====== RAW DATA
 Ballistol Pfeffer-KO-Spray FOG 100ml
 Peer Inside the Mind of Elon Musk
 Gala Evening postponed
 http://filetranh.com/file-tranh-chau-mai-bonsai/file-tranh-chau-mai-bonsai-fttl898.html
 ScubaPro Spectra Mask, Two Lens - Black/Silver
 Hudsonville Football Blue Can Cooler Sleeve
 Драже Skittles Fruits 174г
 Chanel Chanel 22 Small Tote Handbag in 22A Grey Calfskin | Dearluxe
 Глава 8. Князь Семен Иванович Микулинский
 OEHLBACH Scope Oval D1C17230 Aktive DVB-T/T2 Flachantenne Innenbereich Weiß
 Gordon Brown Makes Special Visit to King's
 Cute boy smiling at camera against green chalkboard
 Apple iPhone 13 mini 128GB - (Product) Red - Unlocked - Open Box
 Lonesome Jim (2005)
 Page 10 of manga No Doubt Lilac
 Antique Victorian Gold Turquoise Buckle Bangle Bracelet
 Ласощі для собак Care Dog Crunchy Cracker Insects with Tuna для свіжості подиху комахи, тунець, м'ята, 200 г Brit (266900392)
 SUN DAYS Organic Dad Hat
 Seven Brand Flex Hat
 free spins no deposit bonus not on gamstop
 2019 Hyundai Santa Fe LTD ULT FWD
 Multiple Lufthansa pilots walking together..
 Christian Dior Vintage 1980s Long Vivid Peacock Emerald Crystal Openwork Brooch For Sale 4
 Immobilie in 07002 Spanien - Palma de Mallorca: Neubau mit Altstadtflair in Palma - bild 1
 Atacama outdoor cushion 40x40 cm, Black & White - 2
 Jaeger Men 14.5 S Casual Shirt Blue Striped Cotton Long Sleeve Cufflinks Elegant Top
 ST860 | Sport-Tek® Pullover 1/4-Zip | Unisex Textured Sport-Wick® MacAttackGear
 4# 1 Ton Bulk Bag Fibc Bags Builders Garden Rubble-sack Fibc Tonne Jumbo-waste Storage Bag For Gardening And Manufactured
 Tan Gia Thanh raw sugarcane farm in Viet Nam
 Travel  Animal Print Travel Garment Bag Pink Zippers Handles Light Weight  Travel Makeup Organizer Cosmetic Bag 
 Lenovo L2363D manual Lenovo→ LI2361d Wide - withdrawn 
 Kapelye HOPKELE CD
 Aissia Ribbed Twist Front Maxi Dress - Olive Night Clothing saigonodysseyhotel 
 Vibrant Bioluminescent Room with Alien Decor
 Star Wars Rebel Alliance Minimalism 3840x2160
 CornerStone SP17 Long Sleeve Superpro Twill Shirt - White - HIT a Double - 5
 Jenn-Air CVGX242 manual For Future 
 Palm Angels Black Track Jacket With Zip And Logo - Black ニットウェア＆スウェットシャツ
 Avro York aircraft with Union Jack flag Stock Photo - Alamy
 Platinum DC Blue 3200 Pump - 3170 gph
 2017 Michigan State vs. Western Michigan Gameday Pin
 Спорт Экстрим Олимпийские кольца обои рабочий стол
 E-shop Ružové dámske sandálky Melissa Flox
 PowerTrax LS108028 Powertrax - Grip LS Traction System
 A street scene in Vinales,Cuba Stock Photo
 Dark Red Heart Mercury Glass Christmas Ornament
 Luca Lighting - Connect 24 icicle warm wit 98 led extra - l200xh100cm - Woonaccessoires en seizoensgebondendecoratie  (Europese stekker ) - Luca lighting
============
[PROBLEM TO SOLVE] Emit only the final stretch of the records: the line containing "A street scene in Vinales,Cuba Stock Photo" through the end, each line exactly as it stands.

[SOLUTION]
 A street scene in Vinales,Cuba Stock Photo
 Dark Red Heart Mercury Glass Christmas Ornament
 Luca Lighting - Connect 24 icicle warm wit 98 led extra - l200xh100cm - Woonaccessoires en seizoensgebondendecoratie  (Europese stekker ) - Luca lighting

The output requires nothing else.